Why is modularity key?

According to Gartner, modularity is one of the 3 main principles of a composable architecture.

 

Modularity allows businesses to change and update parts of their applications without affecting the rest of the system. That makes it easier to respond to market or customer needs changes. Today, if we think in retailers, this concept becomes fundamental. The  increasingly frequent emergence of new channels, new technologies and rapid changes in customer habits,  among other factors, requires an ever-increasing degree of agility. Increased competitiveness also forces retailers to seek greater differentiation, which also requires their ability to innovate more and faster, something for which modularity becomes indispensable.

 

Benefits of modularity

Enables greater agility and speed of adoption

From the implementation process to subsequent maintenance, modularity allows retailers to reduce the time required to adopt and adapt the system to anticipated or unforeseen needs.

Offers greater innovativeness and ease of piloting

The ability to test more quickly increases the ability to innovate, and allows pilots of new functionality to be conducted more easily and with a controlled scope that reduces any risk.

Modularity also makes it easier to adopt new innovations released by the technology manufacturer, so you can always be up to date and ahead of the competition.

Facilitates adaptation to different scenarios

With different types of channels and omnichannel scenarios, as well as store types such as flagship, temporary stores and so on, a modular solution facilitates the coverage of different scenarios, also allowing for phased strategies that are better adapted to the needs of each moment.

Enables a reduction in maintenance costs

Modularity also makes it possible to increase the efficiency of the necessary changes, allowing the introduction of new functionalities in a much more controlled way, which reduces maintenance time and costs.

Modularity in Openbravo

Openbravo offers a fully modular platform that adheres to the Gartner principles of a composable architecture. It gives retailers greater adoption flexibility and the freedom to extend their system to specific business needs at their pace. With modularity, retailers can minimize the time and the risk of introducing new innovations. Combined with its API-first architecture, Openbravo helps retailers to adapt and innovate faster and more efficiently, which finally drives greater retail operations agility and resilience.

Openbravo functional modularity

Functional modularity enables retailers to implement some of the standard retail solutions, completely or partially, alone or in combination with others, allowing adaptation to different scenarios. And importantly, without compromising the type of future evolution.

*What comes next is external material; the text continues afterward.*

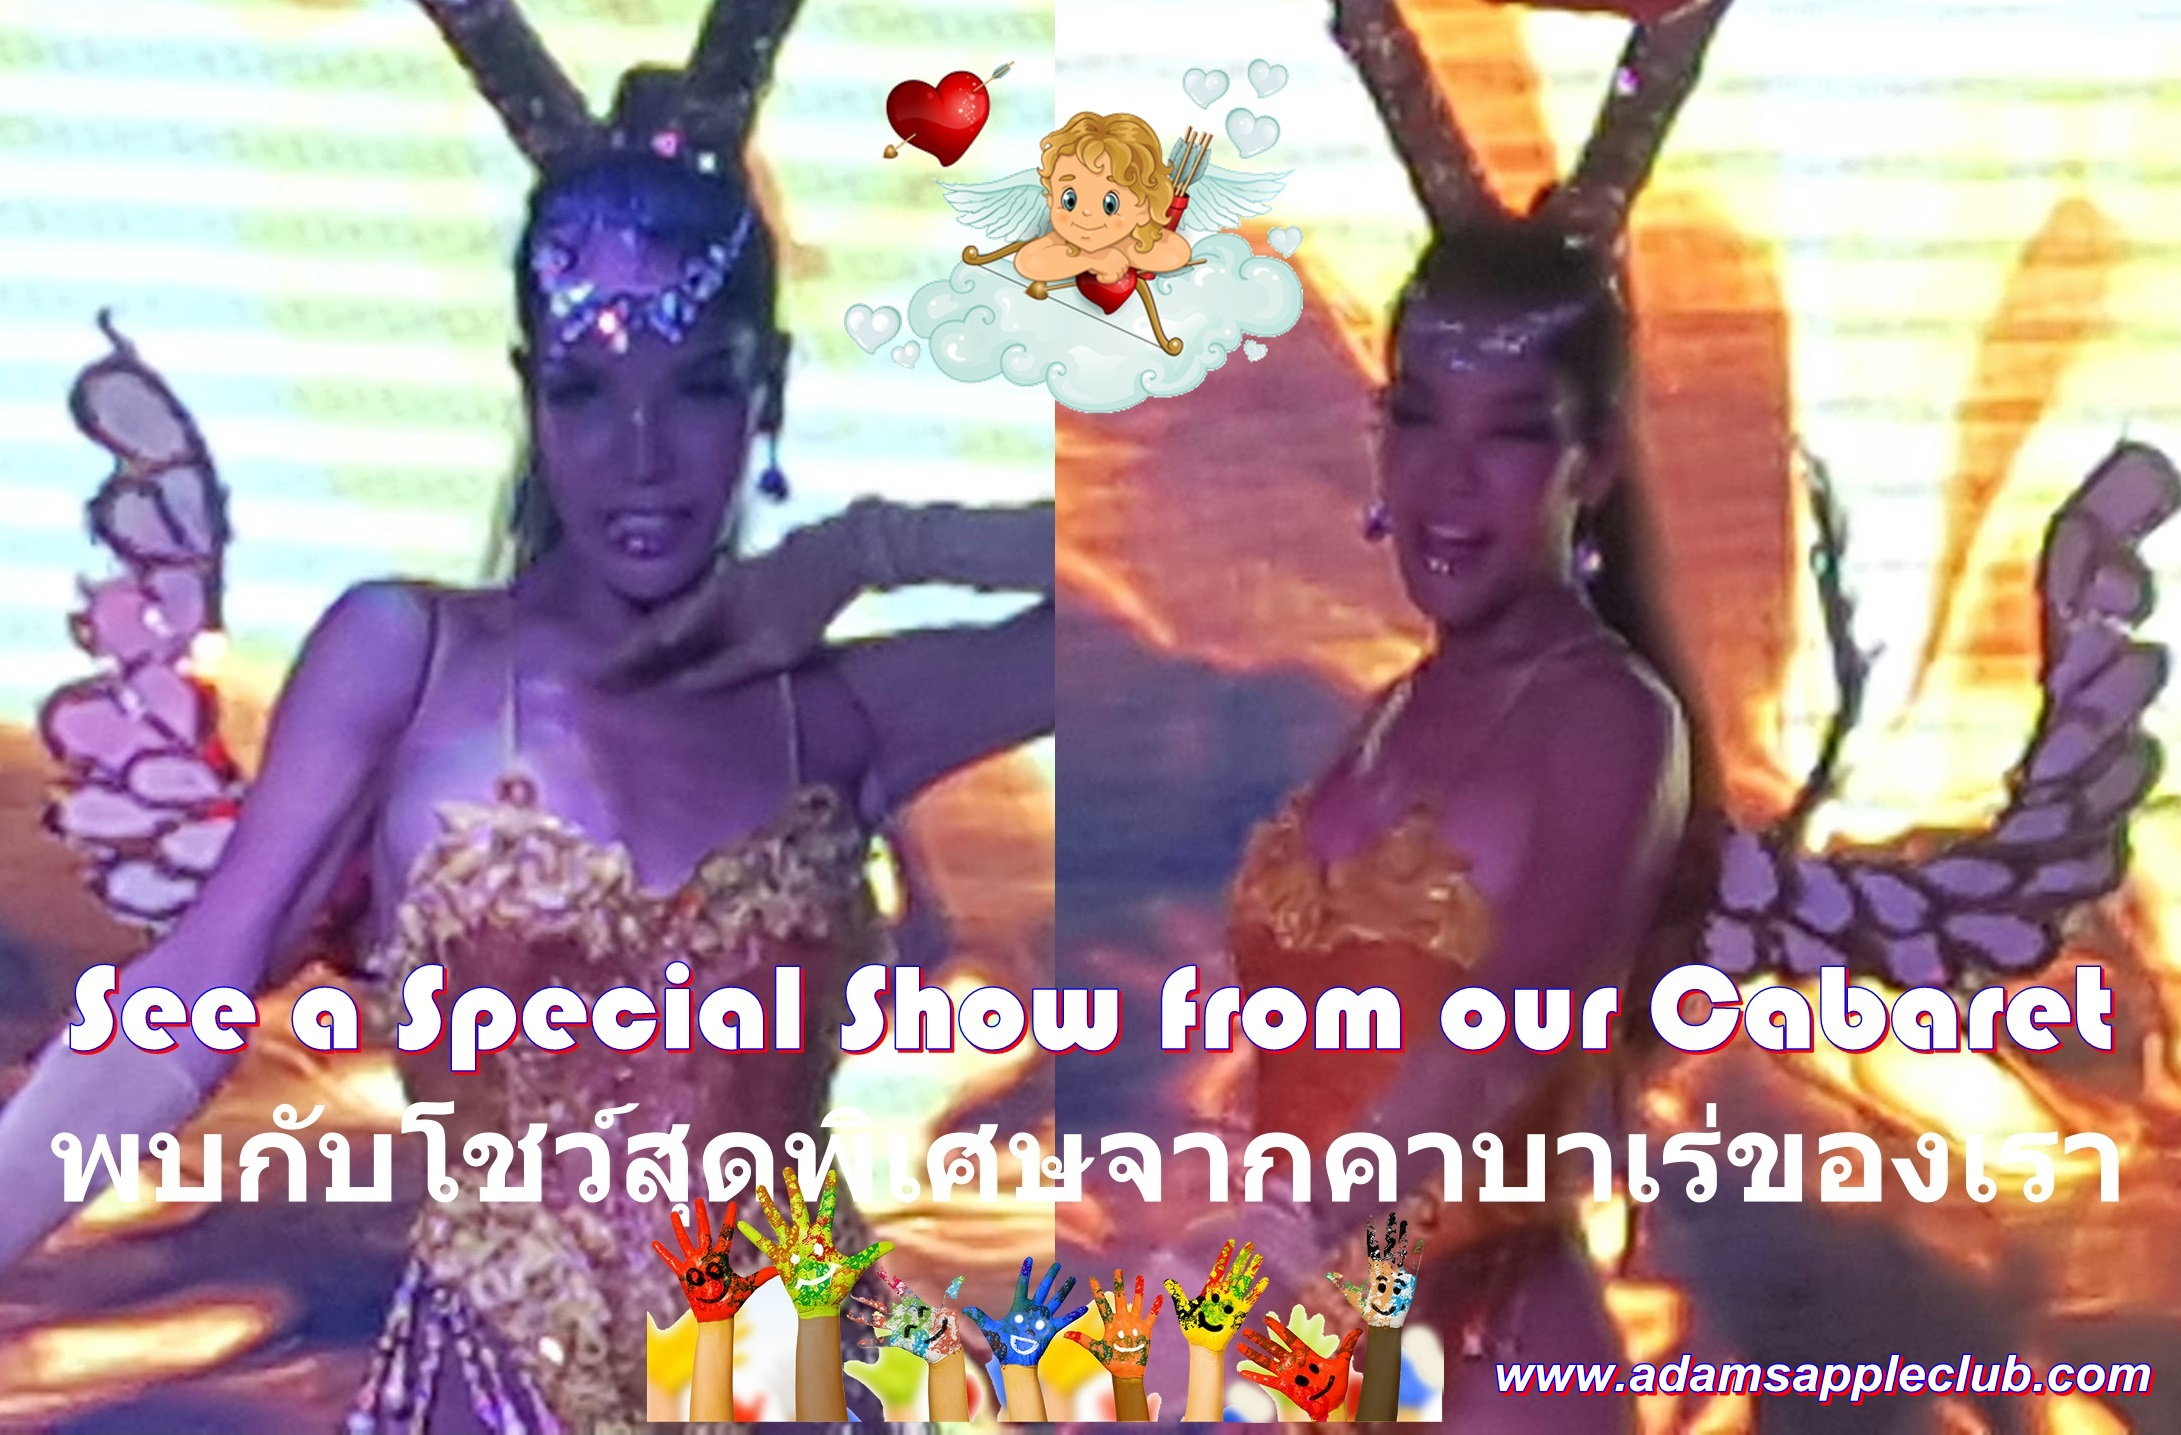 Adams Apple Club Special Cabaret Show

For example, a retailer might decide to only implement Openbravo’s point-of-sale solution for fixed tills in some of its stores. In some of them, it could even implement the solution only at traditional POS and, in others, add the use of self-checkout terminals and mobile terminals. All this integrated with existing systems such as its ERP or eCommerce platform.

In the future, the retailer can expand this scope adding new capabilities such as store inventory, store fulfillment and warehouse management.

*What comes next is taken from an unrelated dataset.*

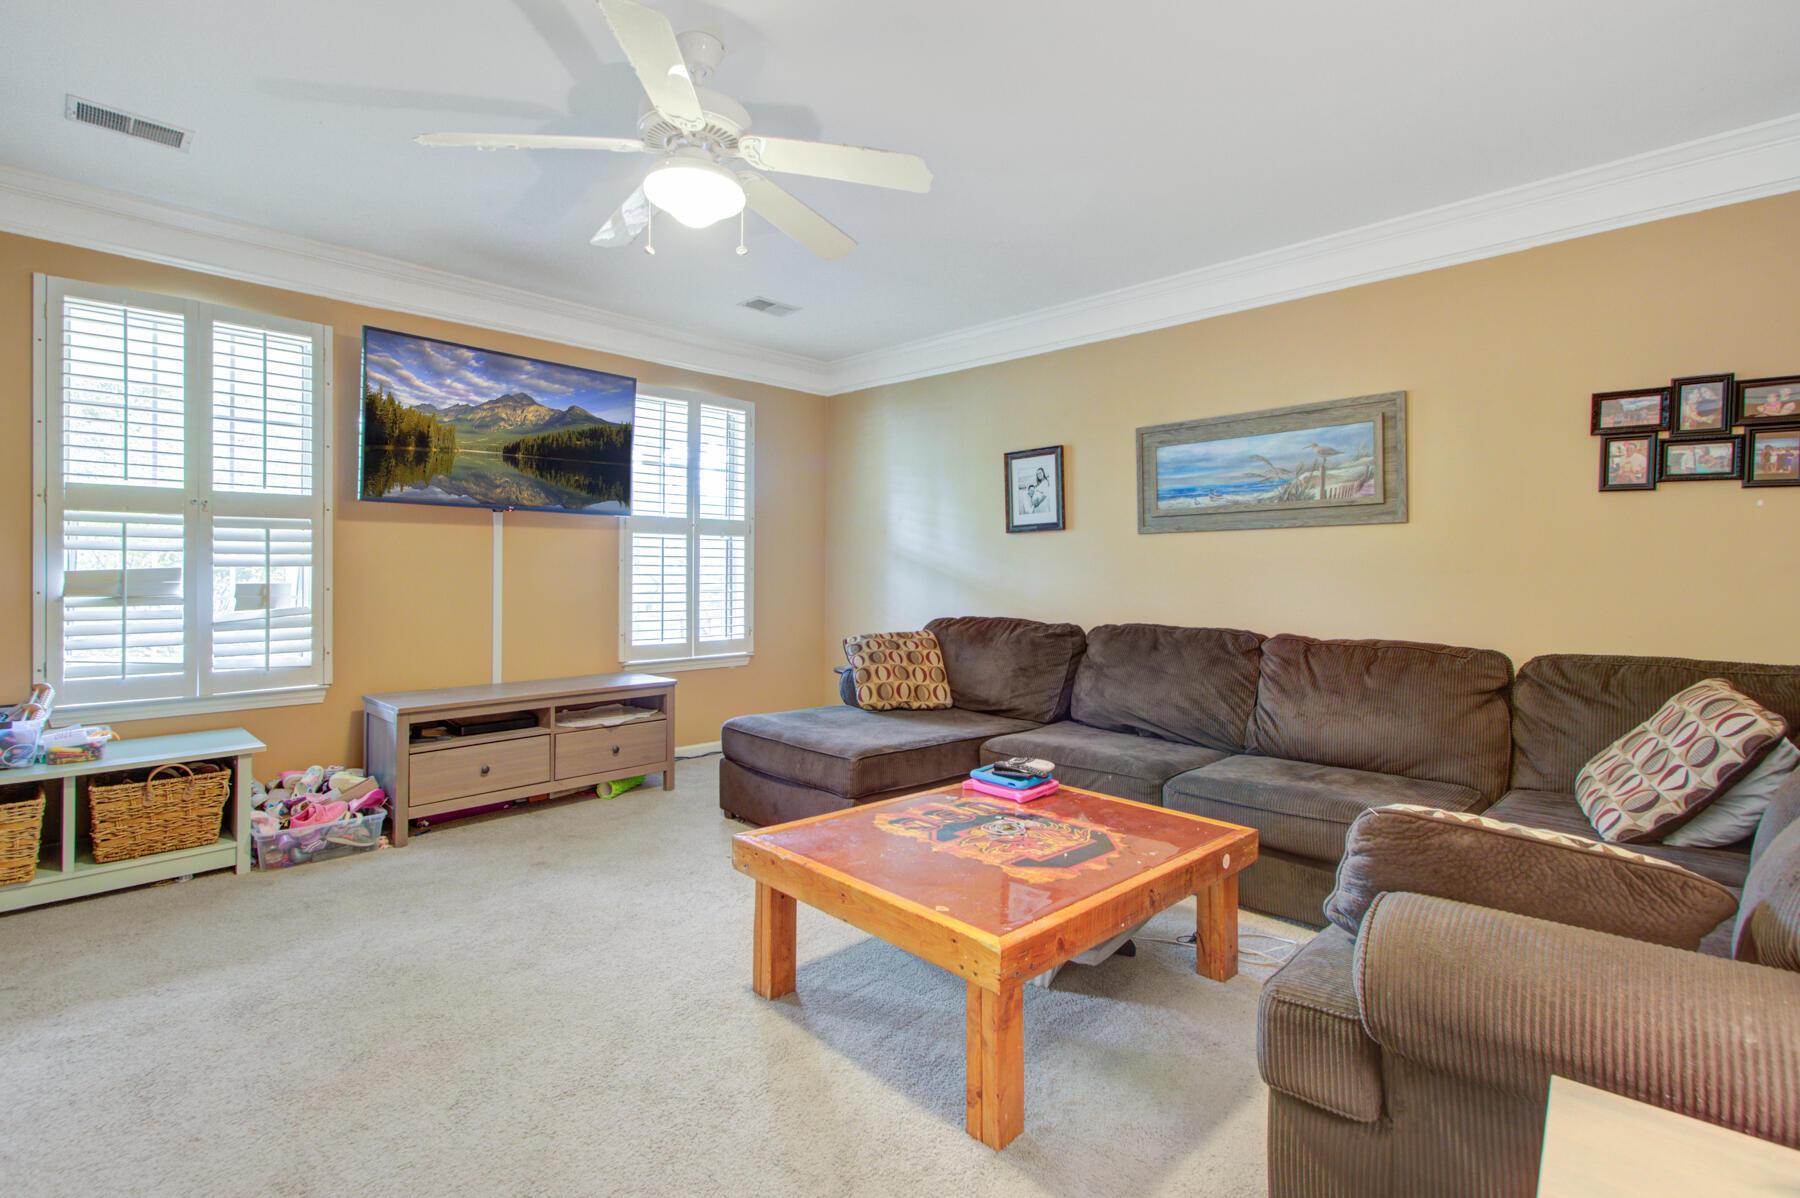 Dunes West Homes For Sale - 2232 Kings Gate, Mount Pleasant, SC - 21

Openbravo technical modularity

Technical modularity offers retailers a rich framework for extending or adapting existing functionalities quickly and in a controlled manner, with defined technical rules that ensure their integrity and performance over time. This also facilitates future upgrade processes. We can think, for example, of cases such as the need to modify the standard in-store checkout process or the incorporation of changes in a connector to support changes in the tax regulations of certain countries.